Of course, this strategy for cultivating our social brains had limits: fostering a childlike dependence on religious leaders, symbols and rituals; and developing a mindset of exclusivity that led religions to clash not merge. This is partly why the Buddha's mission to extract spiritual psychology, meditation and ethics from orthodox religions and forge them into a contemplative science of happiness has attracted so much recent interest. But the distinction between Buddhism and more familiar religions blurs when it comes to the richly symbolic Buddhism of Tibet.
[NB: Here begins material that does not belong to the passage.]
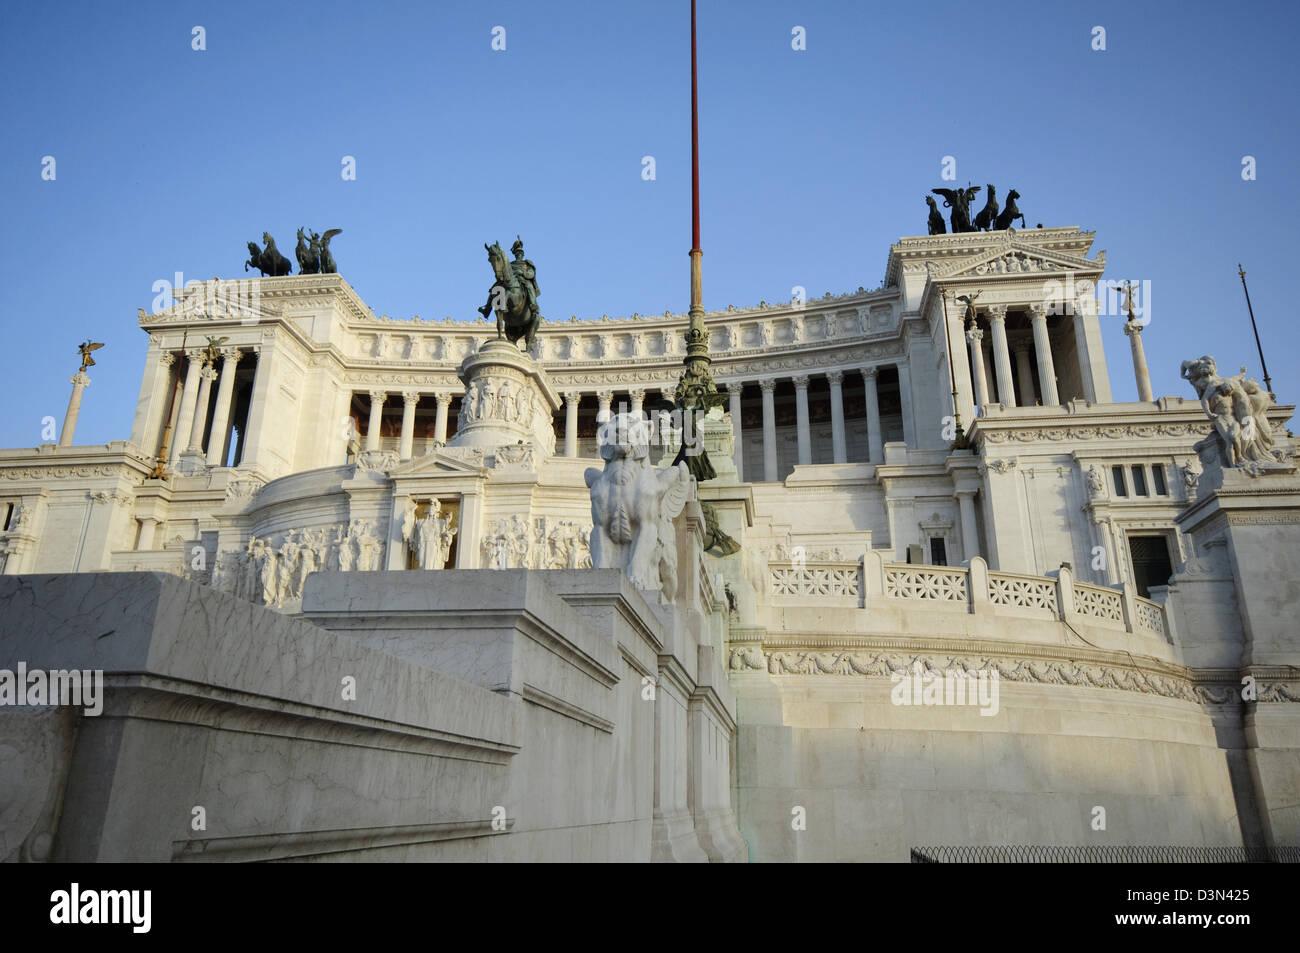 L'Italie, Lazio, Rome, la Piazza Venezia, monument de Vittorio Emanuele II, également connu sous le nom Photo Stock

Not only does Tibetan Buddhism revolve around close mentoring bonds that remind us of bonds to imams, priests and rabbis, but its practice involves archetypal images, prayer-like affirmations, ritual gestures and an ecstatic tone that seem more like old-time religion than meditative practice. Leaving aside how this tradition relates to more familiar forms of Buddhism, I see it as a natural expression of Shakyamuni's mission. Just as Freud made minstering to the soul a science-based practice and Jung made religious imagery a psychotherapeutic art, so the Process Oriented "Tantric" Buddhism of Tibet makes a contemplative science of spiritual mentoring, archetypal imagery and altered states of communion.

While the science of Jung's day could not support his claim that archetypal imagery helps prime positive social emotions and neural energy, we now know he was right all along. And he was also ahead in his interest in the role-modeling imagery and transformational arts of Tibet. Now that brain science has helped explain the natural power and social benefits of spiritual imagery, affirmation and gestures, I predict we will see the next wave of interest in meditation turn to the "divine science" of Tibetan Buddhism.